Q, having already taken off her nonregulation calculator watch in the car and given it to her mom, pulled up her sleeves to prove she had nothing written on her arms.

“All clear,” she said.

The judges nodded in approval.

“And that is?” Miss Terrier asked, peering at the oddly shaped item in Q's left pocket.

“A medical device,” Q said, withdrawing her inhaler. “It meets all the criteria on page thirty-six, paragraph four, section two in the regulatory handbook.”

Miss Terrier inspected the device.

“And yes, I have a doctor's note on file with school, should you need to”—Q began to cough—“should you need to verify.”
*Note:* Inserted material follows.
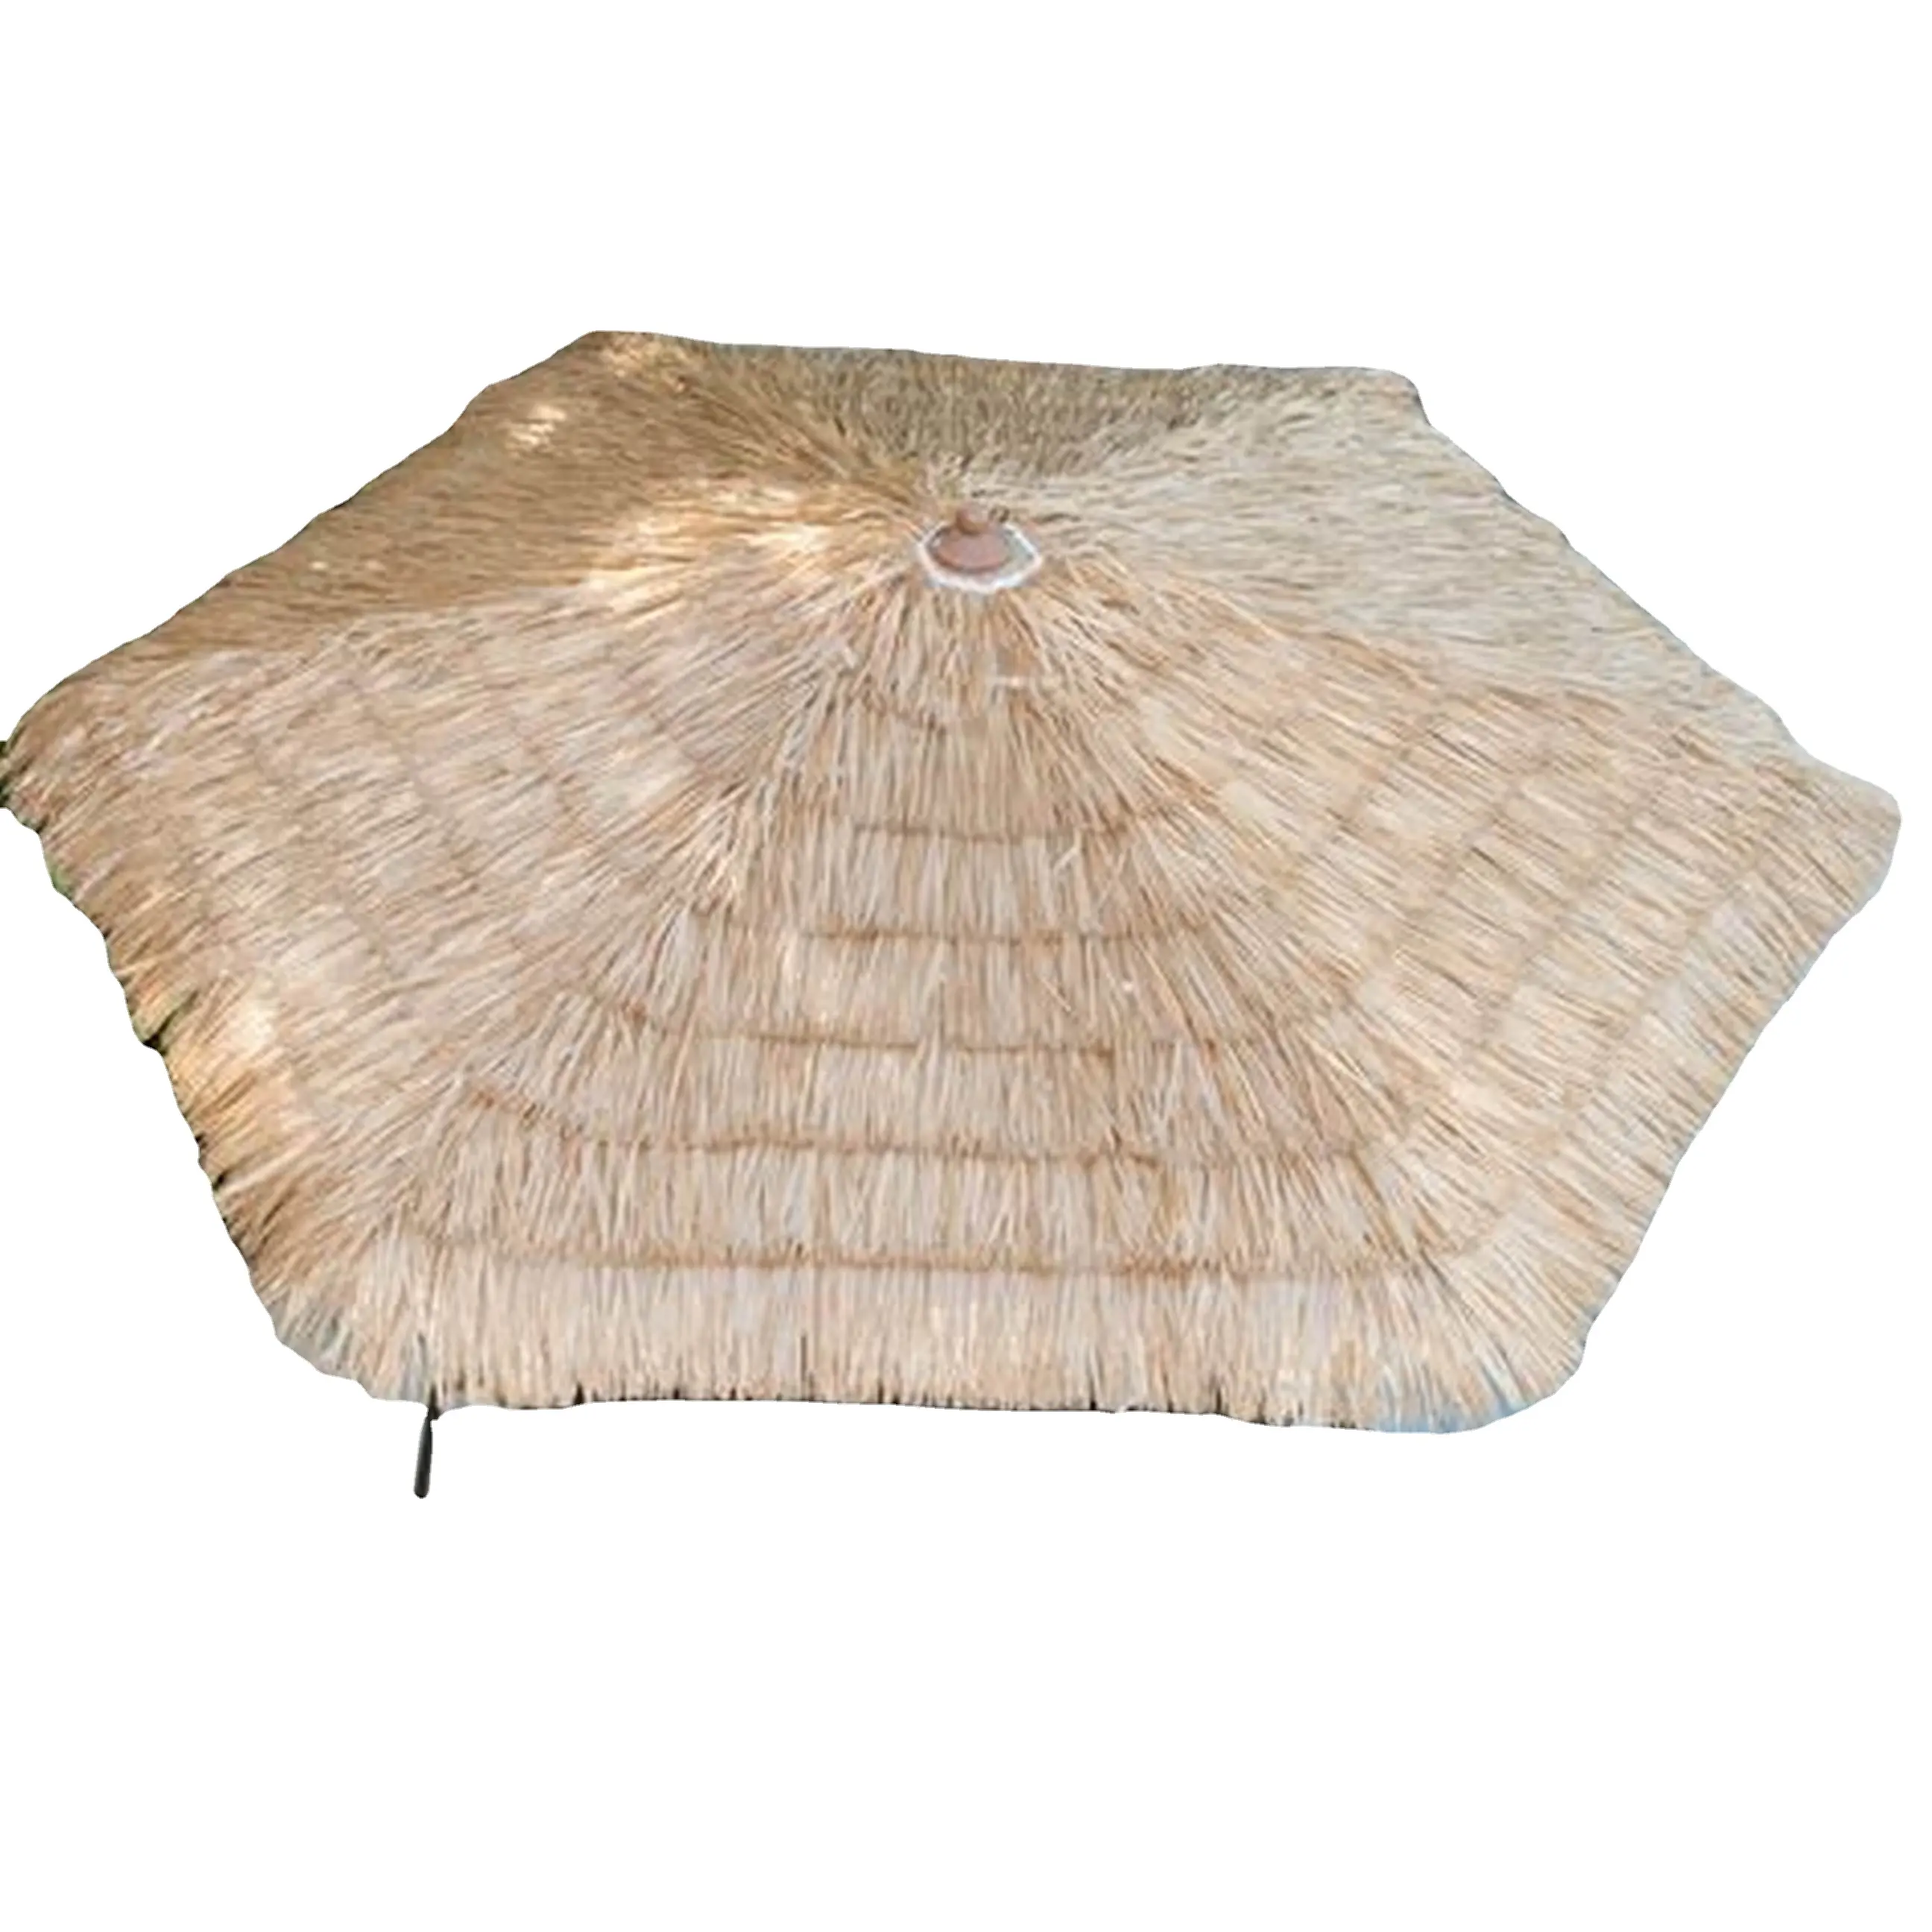 トロピカルパームリーフ傘-カバー付きのわらぶき屋根のパティオ傘-海草傘

The potbellied judge smiled. “Well, indeed, it is refreshing to have a contestant who's taken the time to familiarize herself with the rules.”

Q grinned.


Knowing
the rules and
obeying
the rules are not the same thing,” Miss Terrier noted as she slowly handed back Q's scuba tank. “Let's just hope that tonight your team doesn't confuse the two.”

“I don't believe we will,” Q answered. The two of them, Q and Miss Terrier, looked deeply into one another's eyes.

Is Q having a staring contest with the Queen of Mean? Like, OMG, is she crazy?

“Good,” Miss Terrier replied, the first to blink. “Then you'll be sure to remember that once the competition starts, only the captain will be permitted to officially address the judges.”

“Once the competition begins, we certainly will,” Q replied. “But technically, it hasn't started yet.”

“But technically, it's about to,” Miss Terrier responded. “And I like technicalities.”

Q took a slurp from her inhaler.
Wheeesh-whooosh. Wheeesh-whooosh.
“Me, too.”

Again they stared at each other, eye to eye.

“Then mind them tonight, Grover Park,” Miss Terrier said, “and good luck.”

With that, Miss Terrier, her spine straight, her hair perfect, walked away, the two other judges following along closely behind.

“What are you doing?” I said to Q. “Trying to get her mad at us before we even begin?”

“I like her,” Q answered as the judges inspected the wrists of another team.

“But it feels like she's ready to disqualify us at any moment,” I said.

“I know,” Q answered admiringly. “And she does it with such”—
Wheeesh-whooosh. Wheeesh-whooosh
—“style.”

“You are weird,” I said.

“Aardvark.”

“Come on, girls,” Kiki said to her two coconuts. “It's fire time.”

“Fire time?” I asked as they began to walk away.

“Yeah,” Kiki said, taking out her mascara. “Fire time. Probably not usually a big concern for you.”

Brattany, lipstick in hand, smiled and got ready to inspect herself in a backstage mirror, while Sofes took out a hairbrush.

Armed with beautification tools of the kind that I didn't even own, the ThreePees wiggled off to make sure that they were, well…ThreePee enough for the cameras.

“Can you believe them?” I asked, turning to Q. “I mean, the barrettes weren't enough; now they need to—” I stopped in midsentence. “Are you running a fever?” I asked, noticing the sweat on Q's brow.

“Uh-huh.”

“More than 101?”

“Uh-huh.”

“More than 102?”

“Yup.”

“More than 103?” I asked, my alarm growing.

“One-oh”—
Wheeesh-whooosh. Wheeesh-whooosh
—“five,” Q said. “But that's only because I'm wearing this long-sleeved top.”

My eyes practically popped out of my head.
One-oh-five?
I was so stunned I couldn't move.

“Don't worry,” she said. “I've gotten up to 107 before.”

Just then, the house lights dimmed again, but this time they didn't come back up to full brightness.

“Oh, relax, Mama Maureen, it's”—
Cough, cough
—“a manageable 101.8,” Q said. “I'm fine.”

“You're fine?” I said, taking in the greenness of her skin. “Let's not exaggerate, okay?”

“And here we go now,” a guy in a black T-shirt barked at the teams as he adjusted a pair of headphones. “When I call your school, move to your assigned positions on the stage.” He crossed over to the center of the big red curtain and listened for instructions from someone in a booth, probably in the rear of the auditorium. The ThreePees scurried back over, still tending to their looks.

“How's my lipstick?” Kiki asked Brattany, seeking a last-minute inspection.

“Dominating. Mine?” Brattany asked. Kiki took a moment to look over her teammate's lips, then adjusted a strand of her hair.

“Fierce,” she said.

“Hey, turn your phones off, you guys, turn your phones off,” Beanpole excitedly reminded us, waving her cellie. “Make sure they are powered
all
the way off, too. It's instant disqualification.”